[PROBLEM TO WORK ON]
Exclude the pictures and repeat all of the data exactly.

[STORED DATA]
######

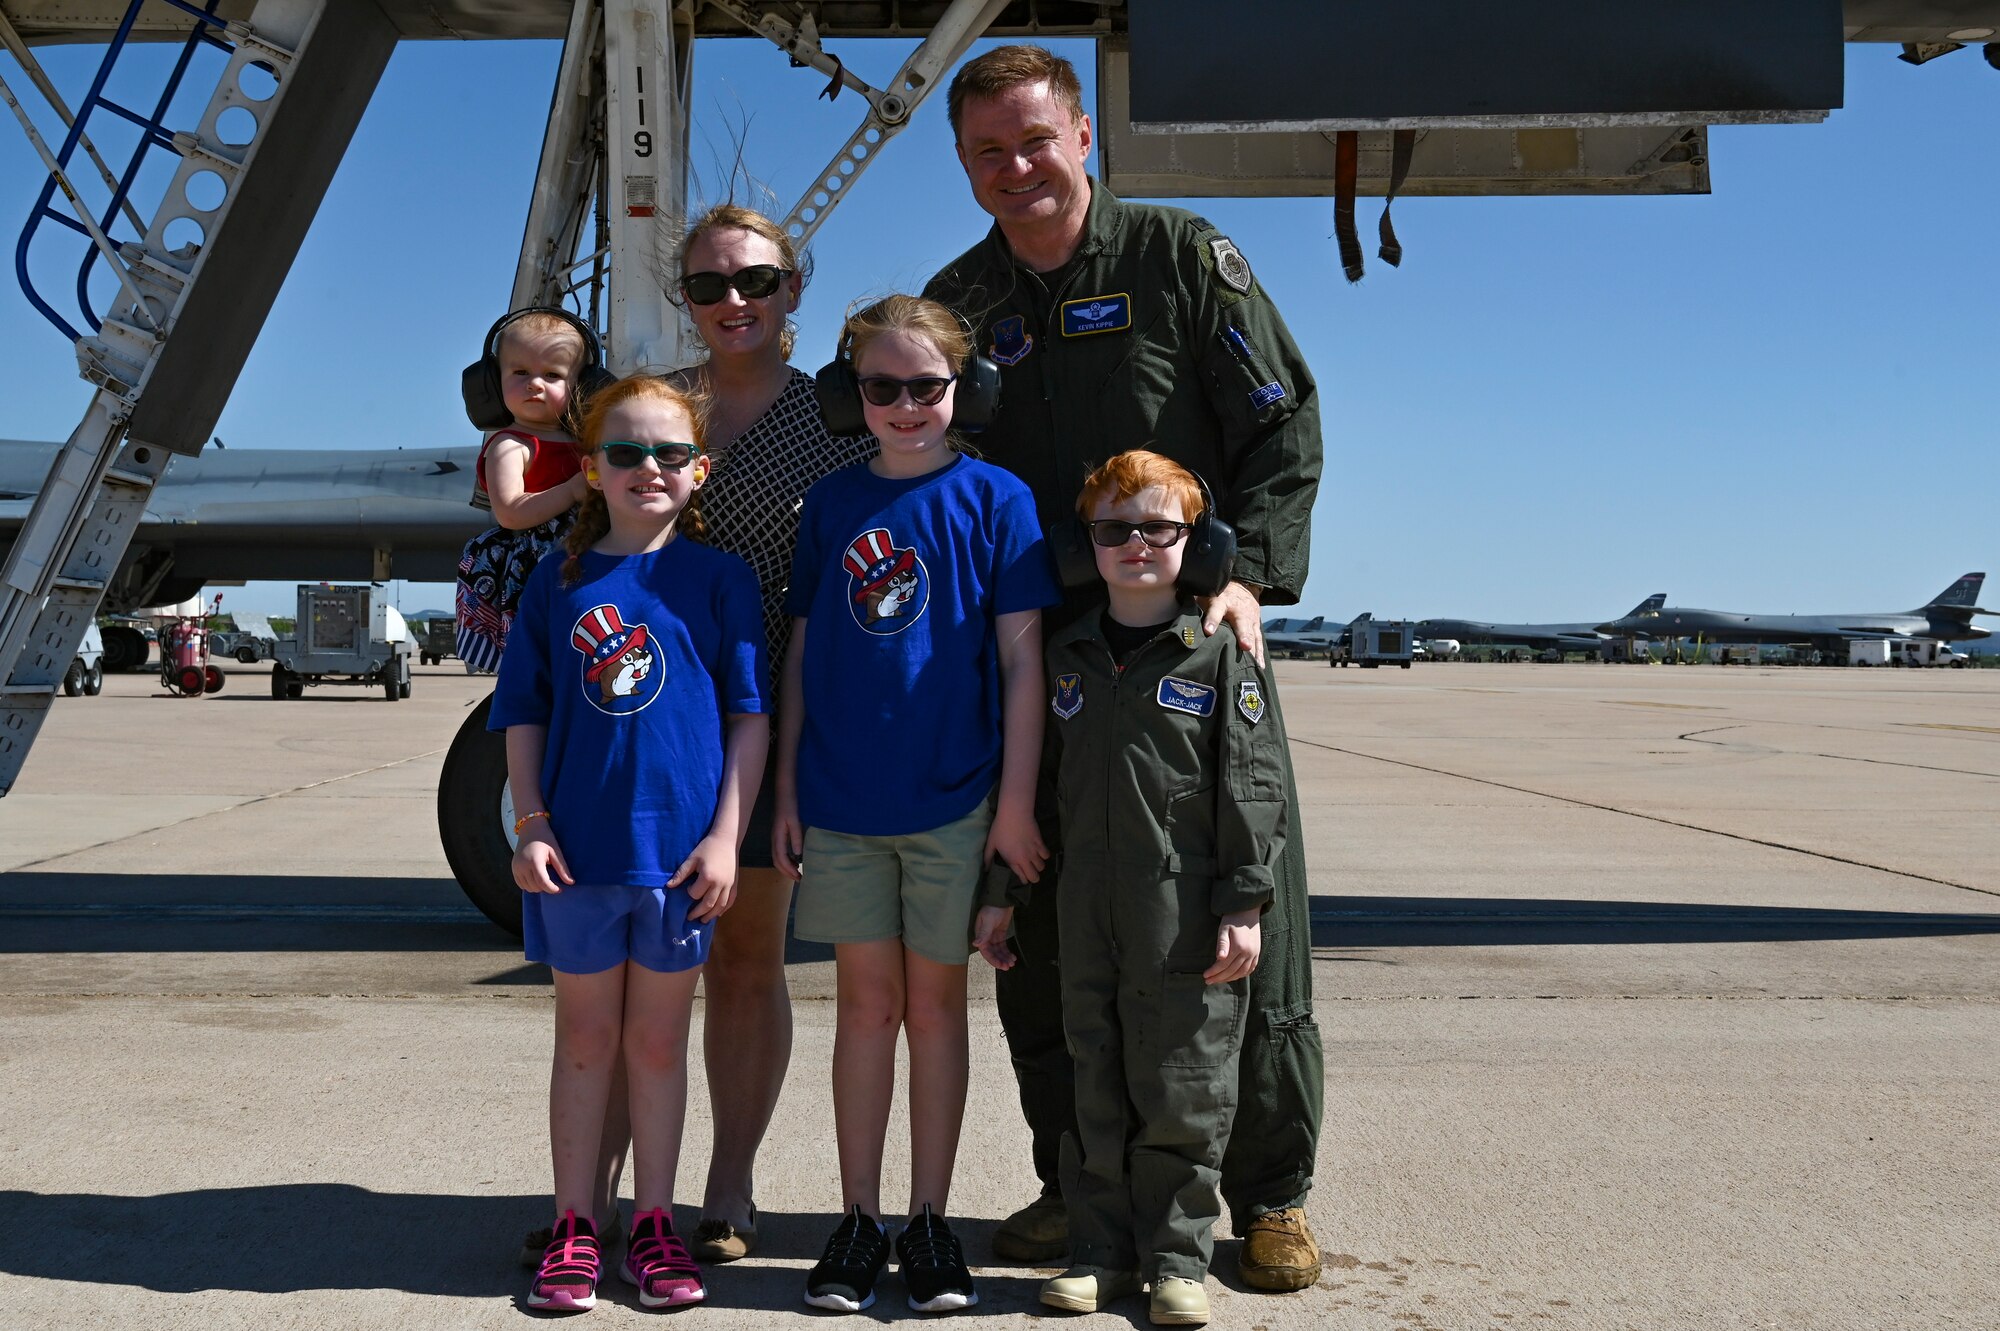 The Kippie family poses for a photo at Dyess Air Force Base, Texas, June 29, 2023. U.S. Air Force Col. Kevin Kippie, 7th Bomb Wing vice commander, served at Dyess from June 11, 2021, to June 16, 2023. While at Dyess, Kippie was committed to excellence as he fostered financial innovation and proposals for the installation, created a Wing Welcome Center for new Airmen and worked in integrated teams to action the wing’s fiscal efforts. (U.S. Air Force photo by Airman 1st Class Emma Anderson)
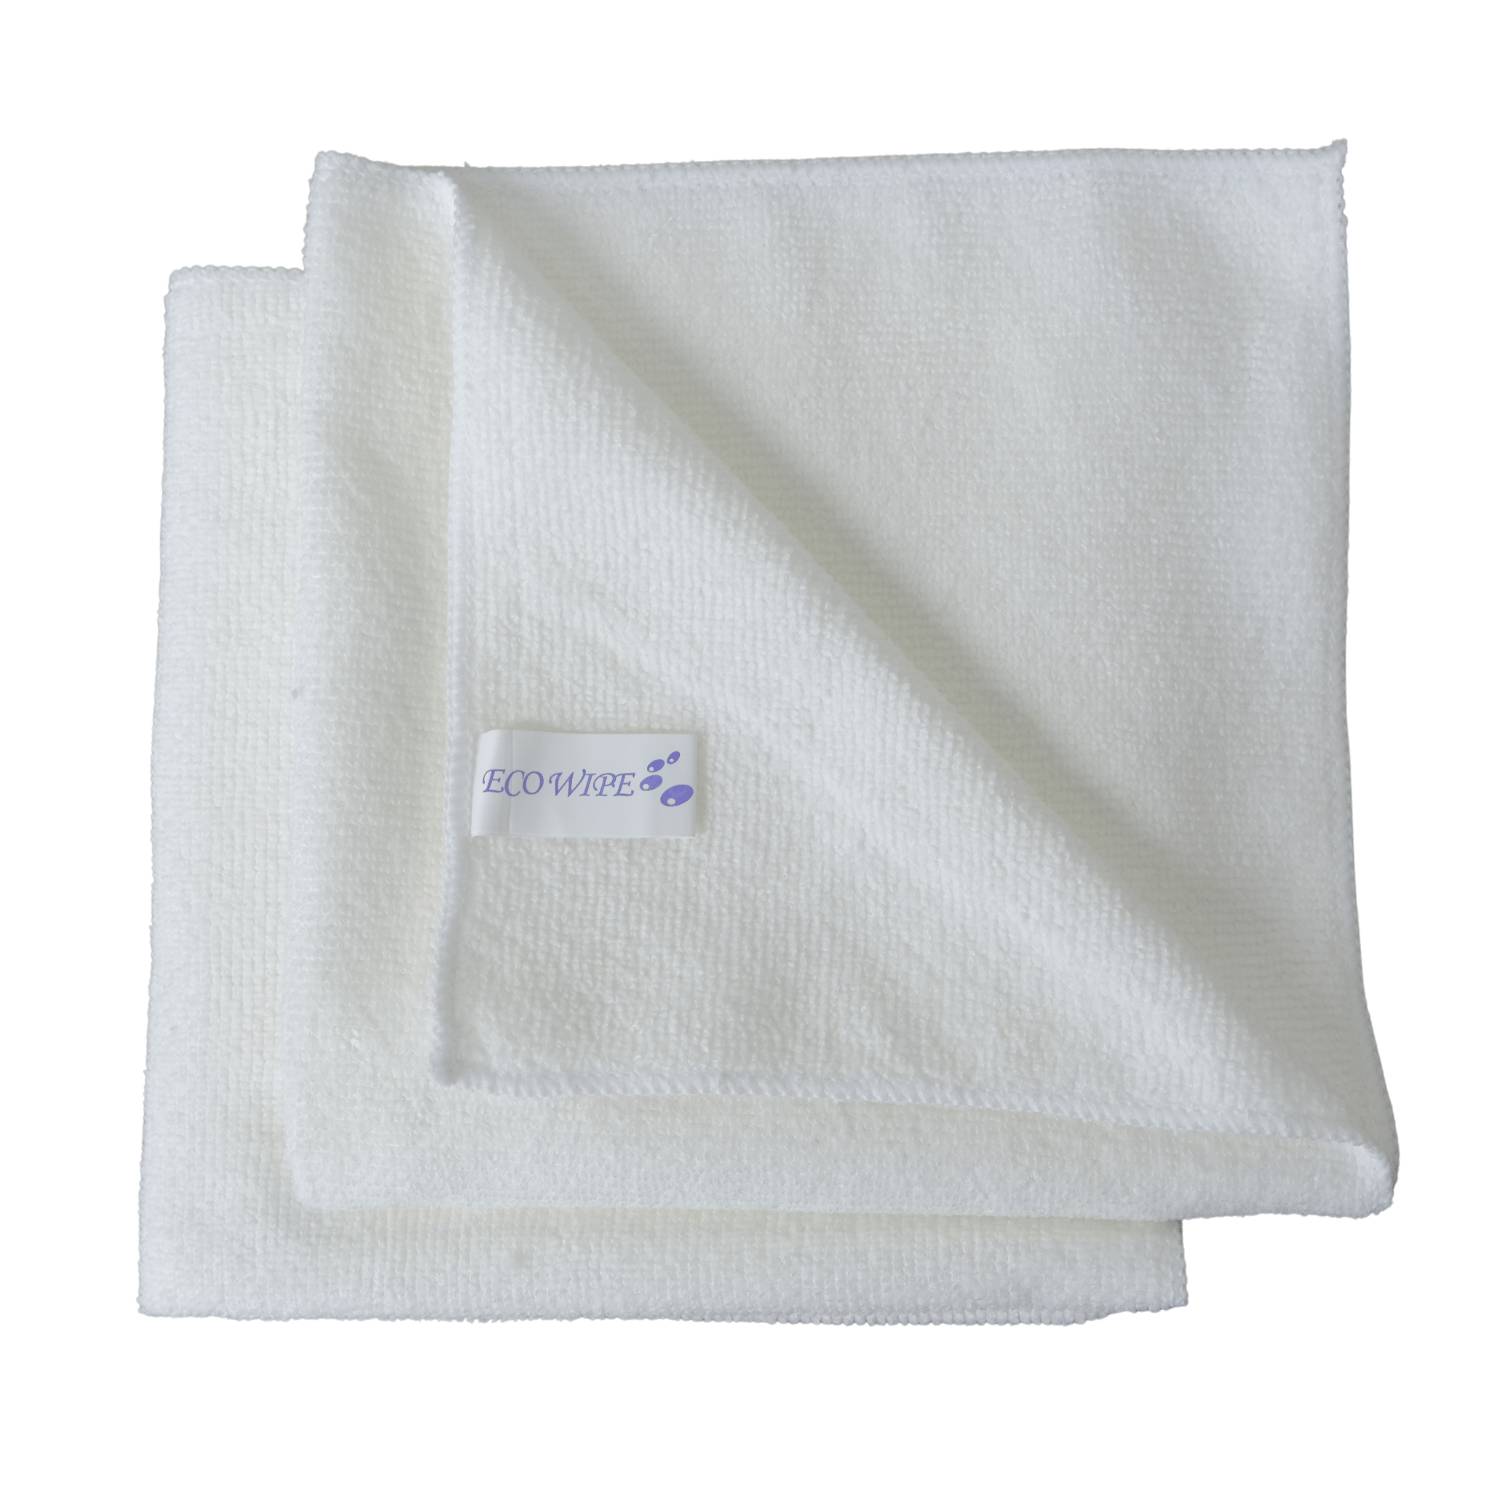 EcoWipes - General Purpose Microfibre Cloths - Pack of 10
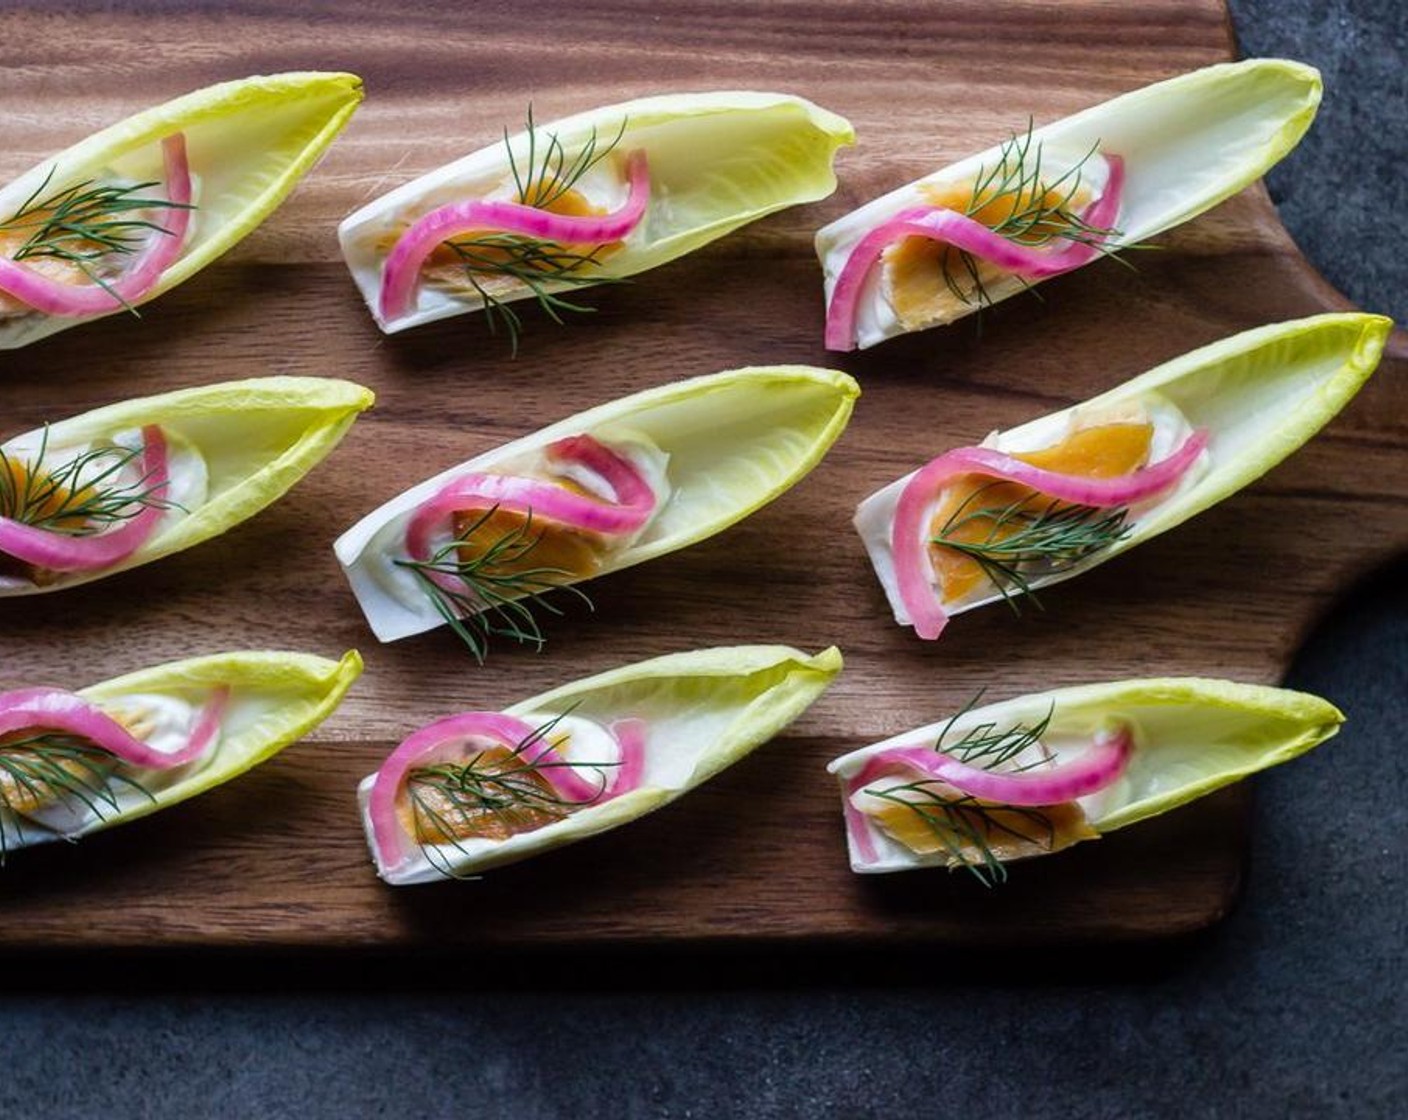 Endive with Whipped Goat Cheese and Smoked Trout
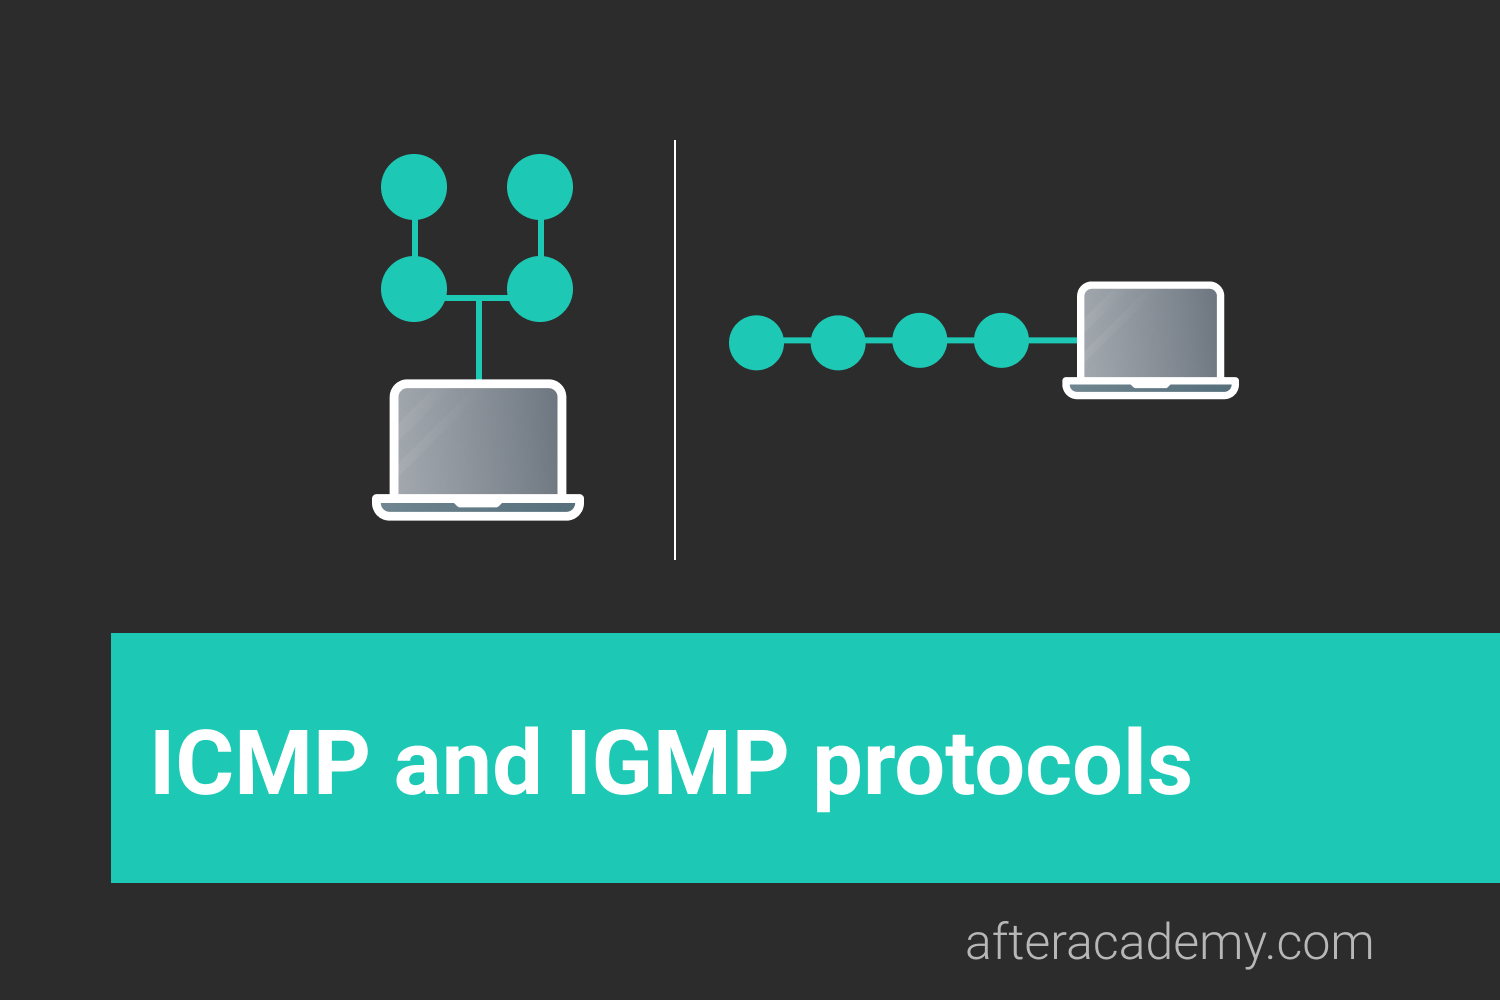 What are ICMP and IGMP protocols?

######

[TASK OUTPUT]
 The Kippie family poses for a photo at Dyess Air Force Base, Texas, June 29, 2023. U.S. Air Force Col. Kevin Kippie, 7th Bomb Wing vice commander, served at Dyess from June 11, 2021, to June 16, 2023. While at Dyess, Kippie was committed to excellence as he fostered financial innovation and proposals for the installation, created a Wing Welcome Center for new Airmen and worked in integrated teams to action the wing’s fiscal efforts. (U.S. Air Force photo by Airman 1st Class Emma Anderson)
 EcoWipes - General Purpose Microfibre Cloths - Pack of 10
 Endive with Whipped Goat Cheese and Smoked Trout
 What are ICMP and IGMP protocols?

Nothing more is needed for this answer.